### About this exercise
Without changing a thing, reproduce the entire listing and leave out its pictures.

### Data provided
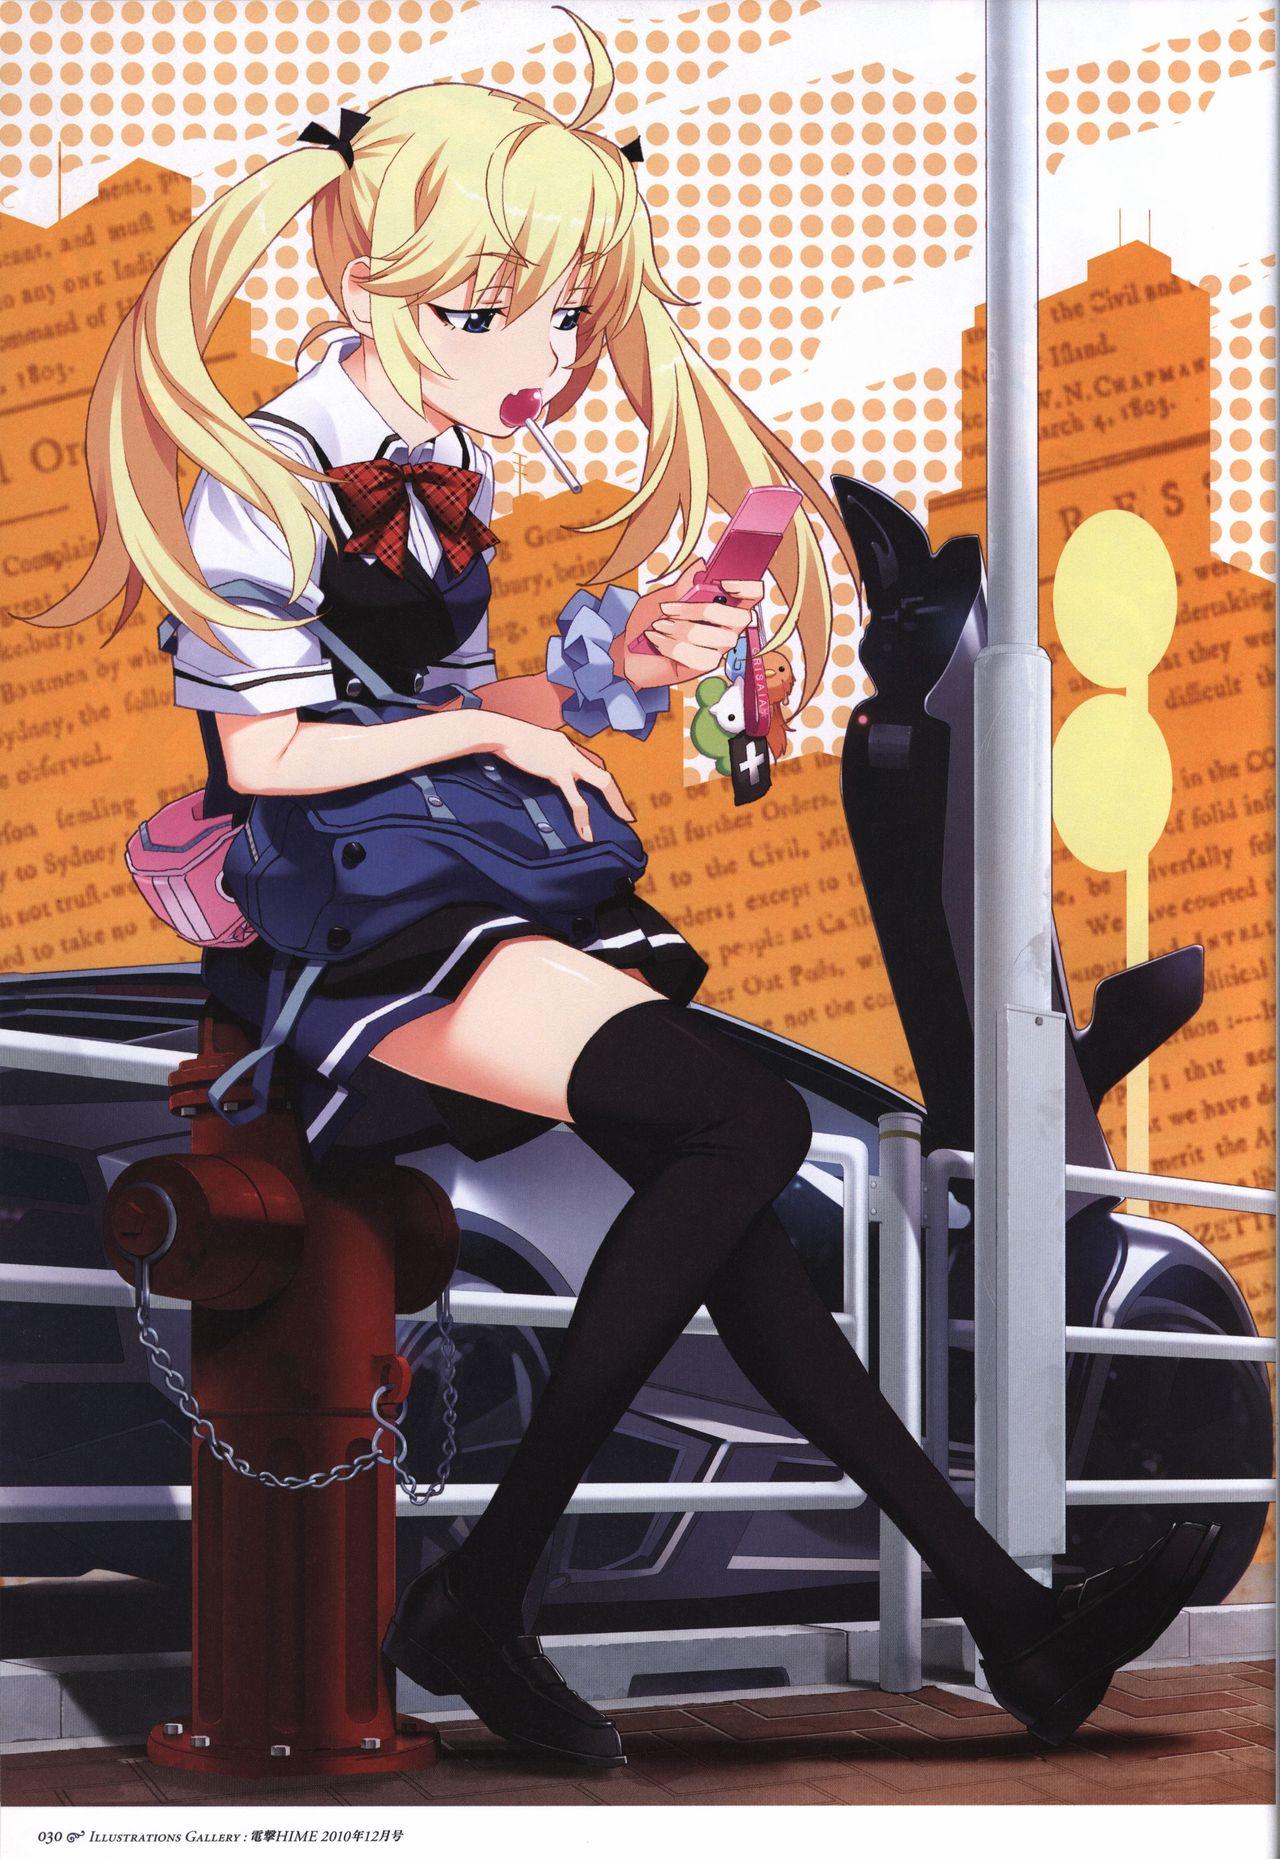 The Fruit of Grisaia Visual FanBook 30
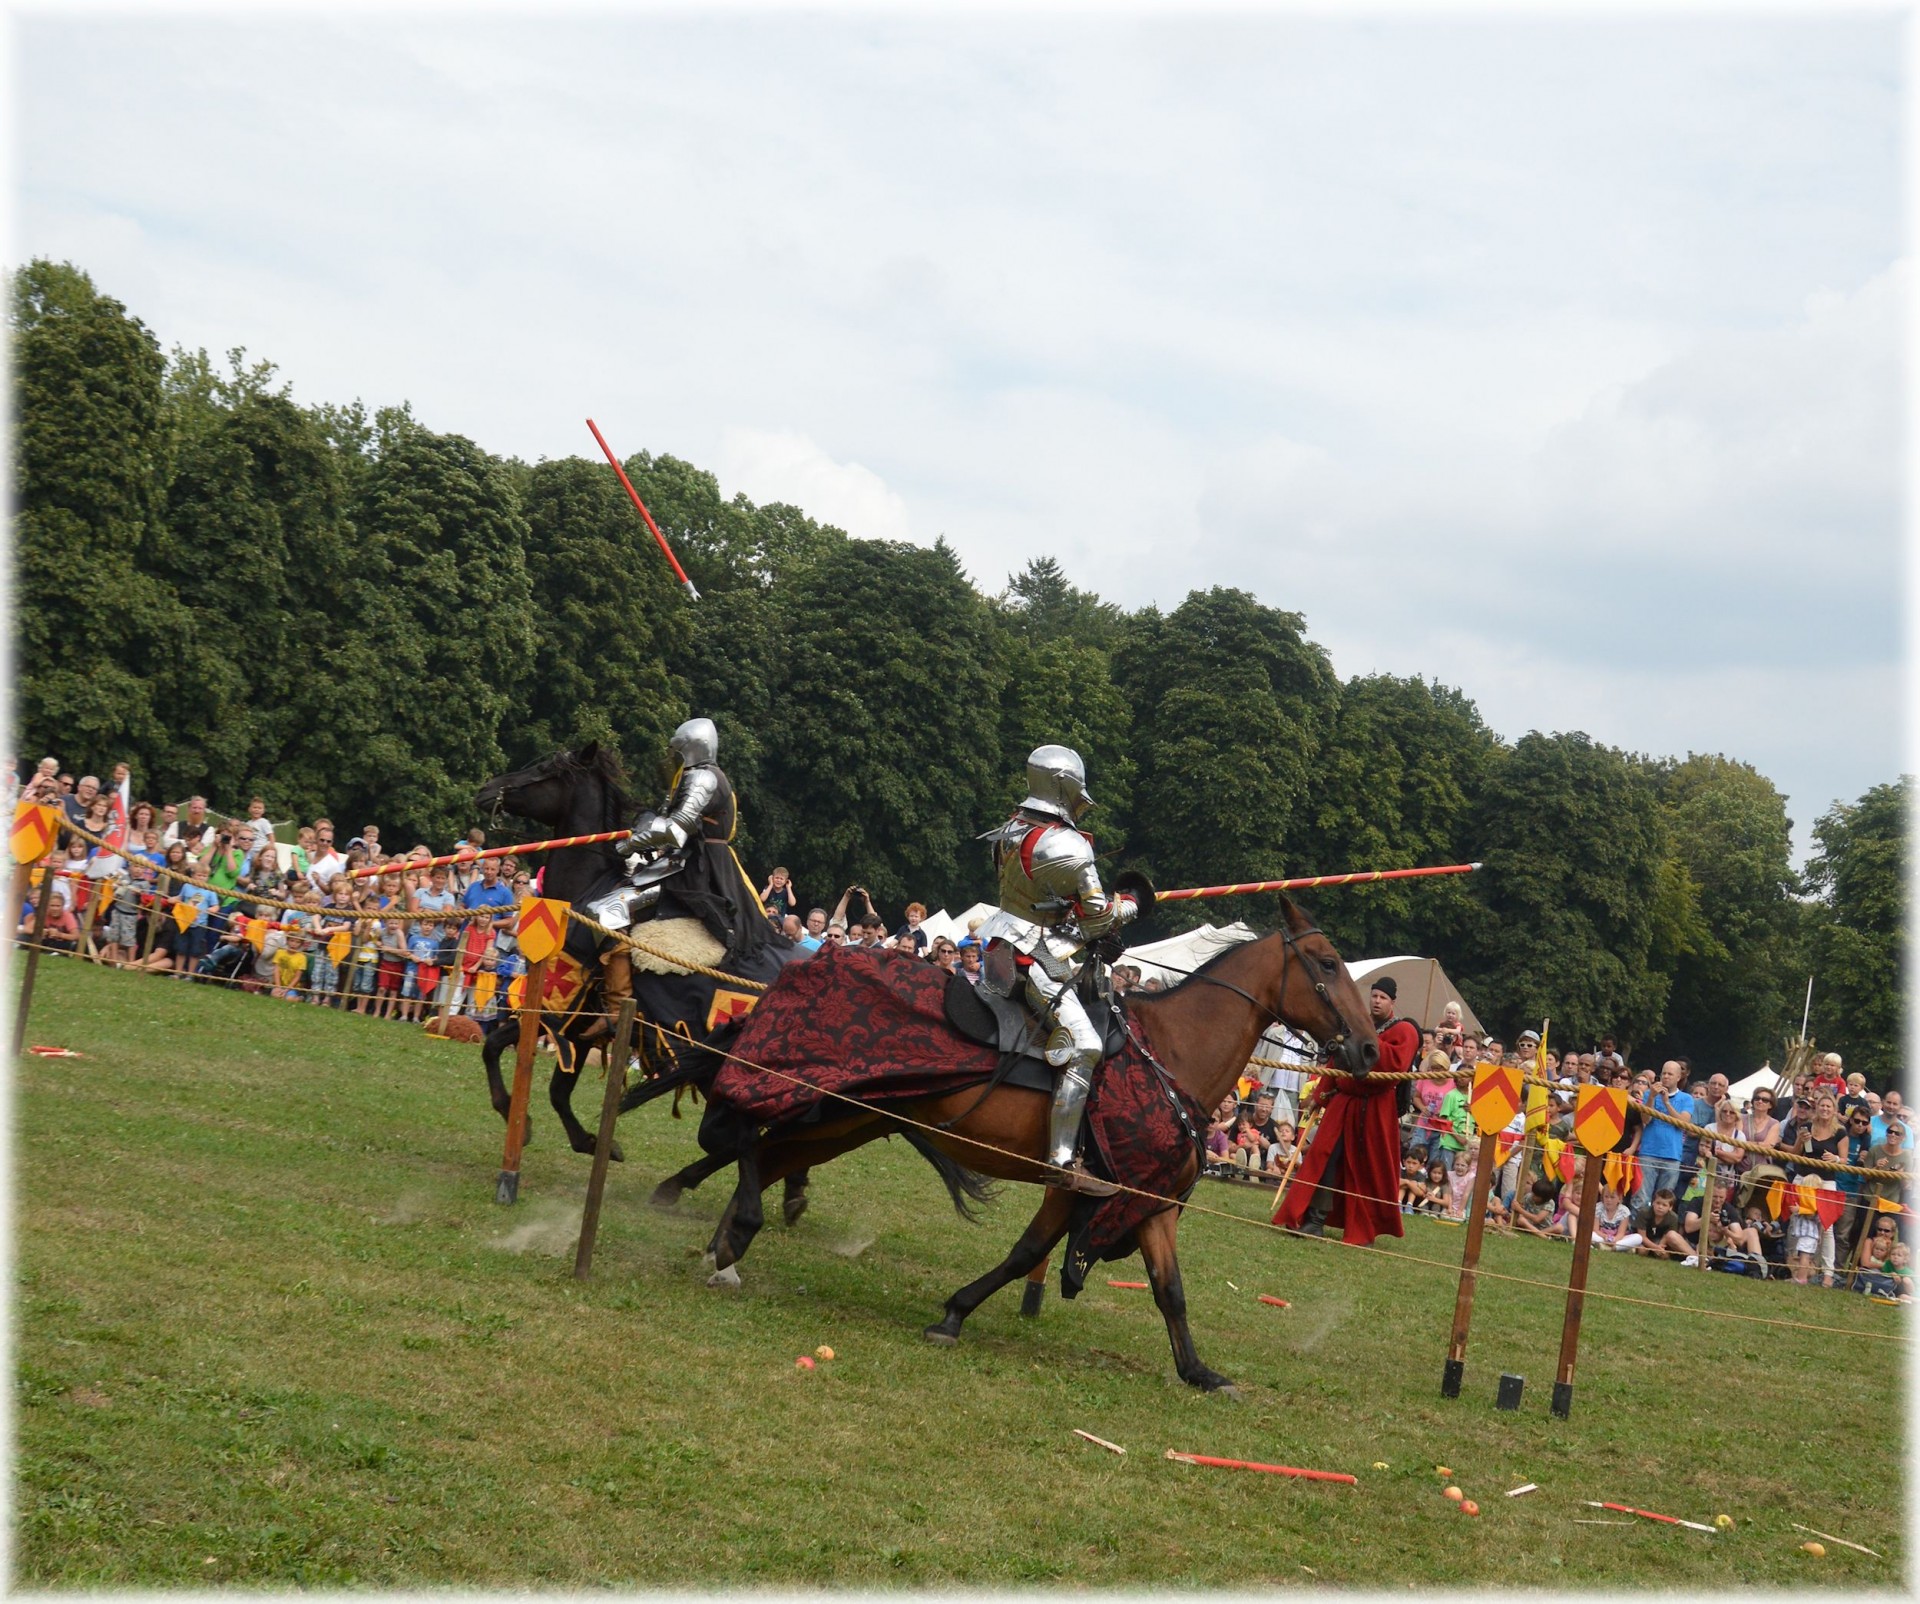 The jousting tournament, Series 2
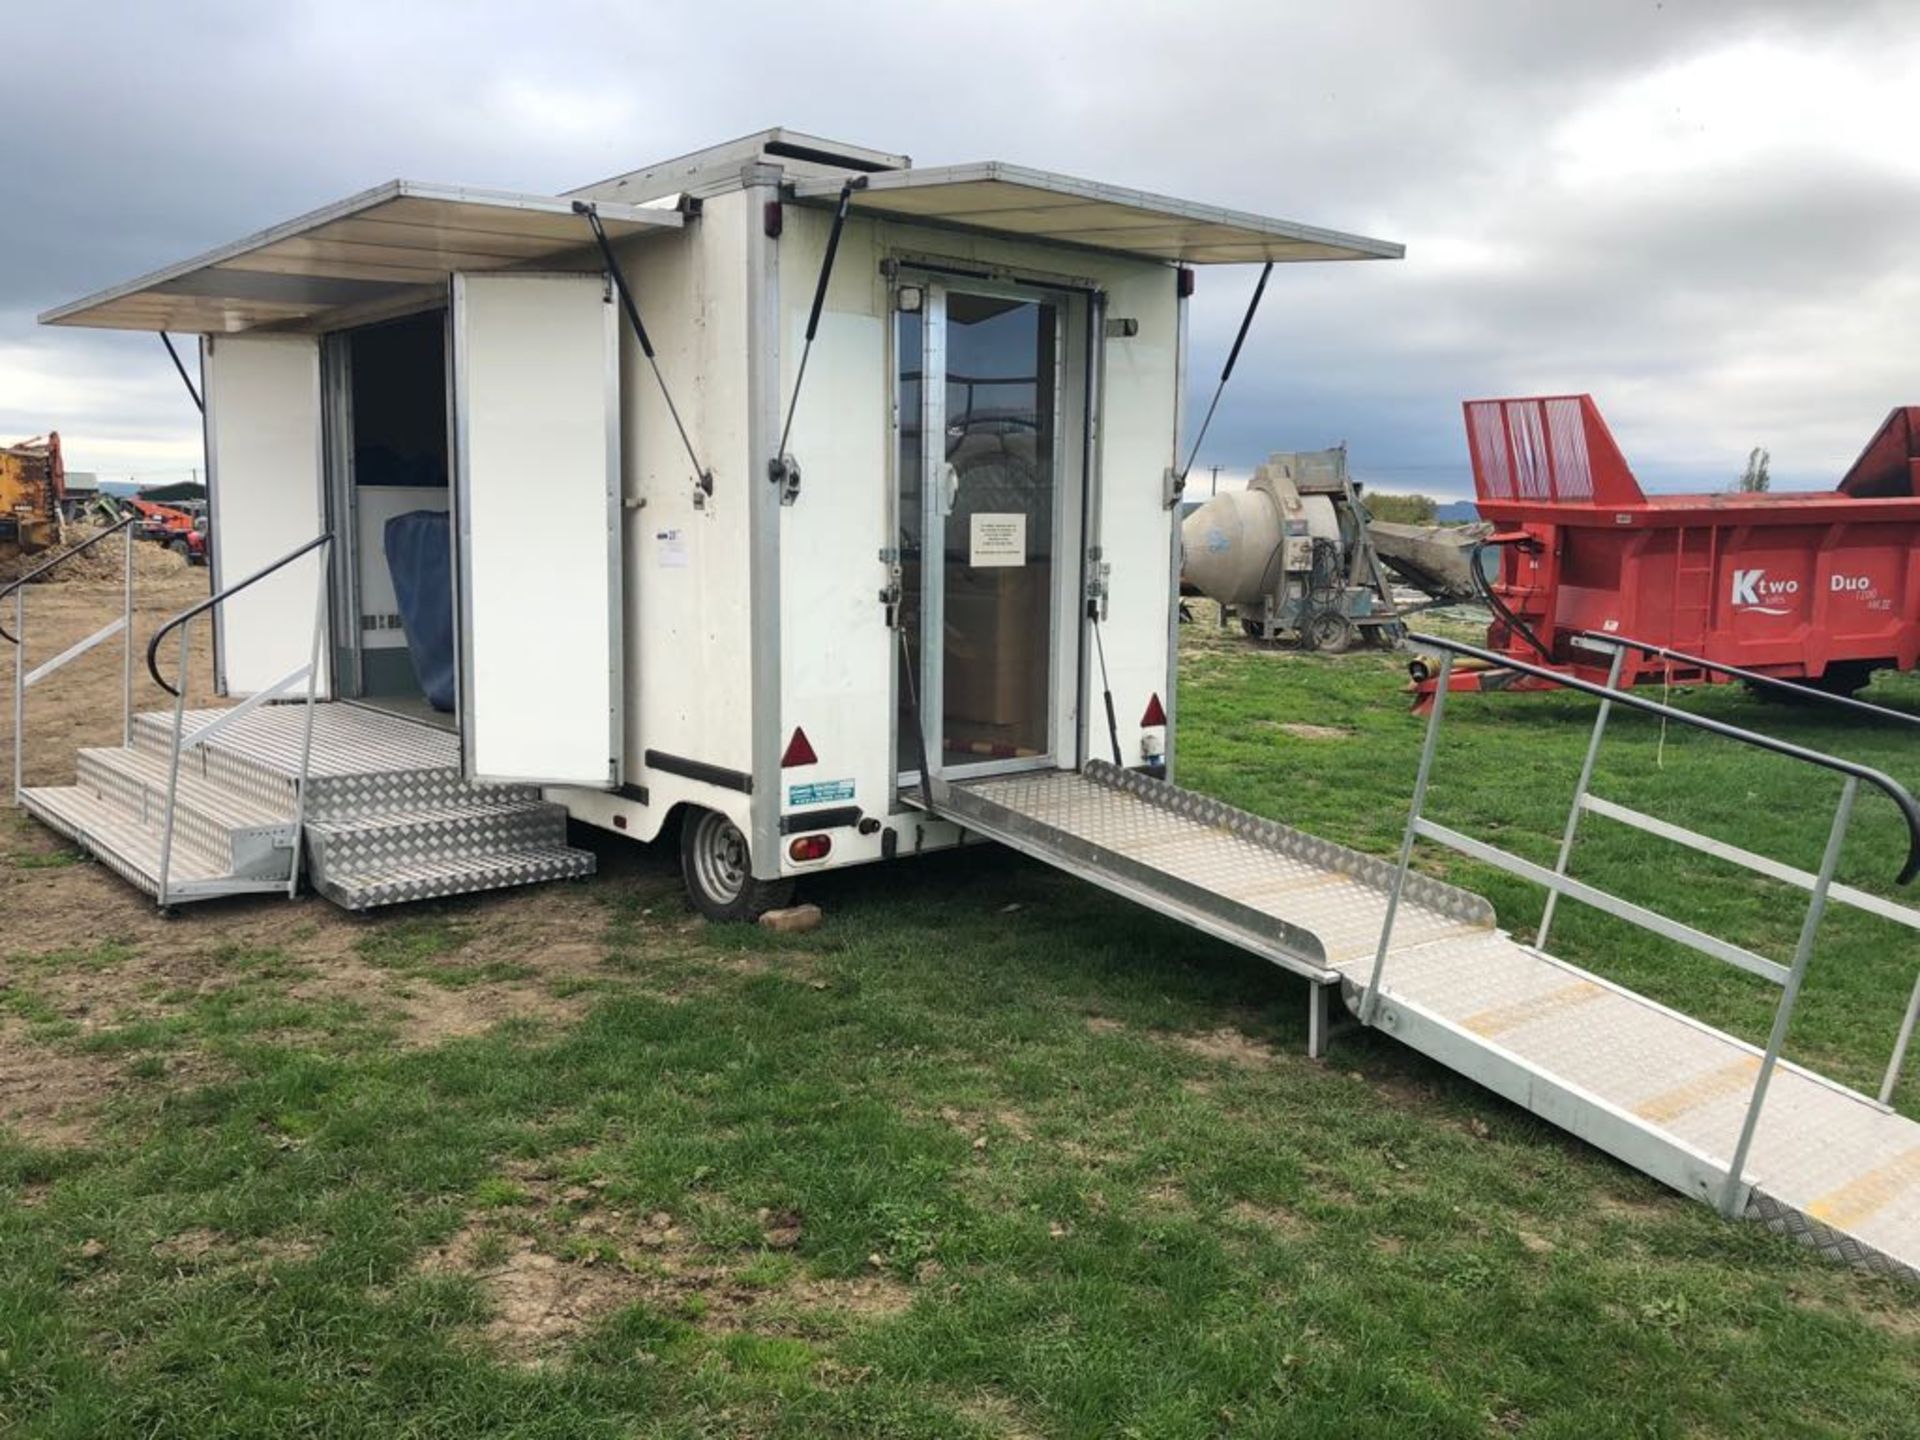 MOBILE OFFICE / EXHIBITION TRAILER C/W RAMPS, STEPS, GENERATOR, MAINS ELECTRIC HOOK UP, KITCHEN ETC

### Solution to this task
 The Fruit of Grisaia Visual FanBook 30
 The jousting tournament, Series 2
 MOBILE OFFICE / EXHIBITION TRAILER C/W RAMPS, STEPS, GENERATOR, MAINS ELECTRIC HOOK UP, KITCHEN ETC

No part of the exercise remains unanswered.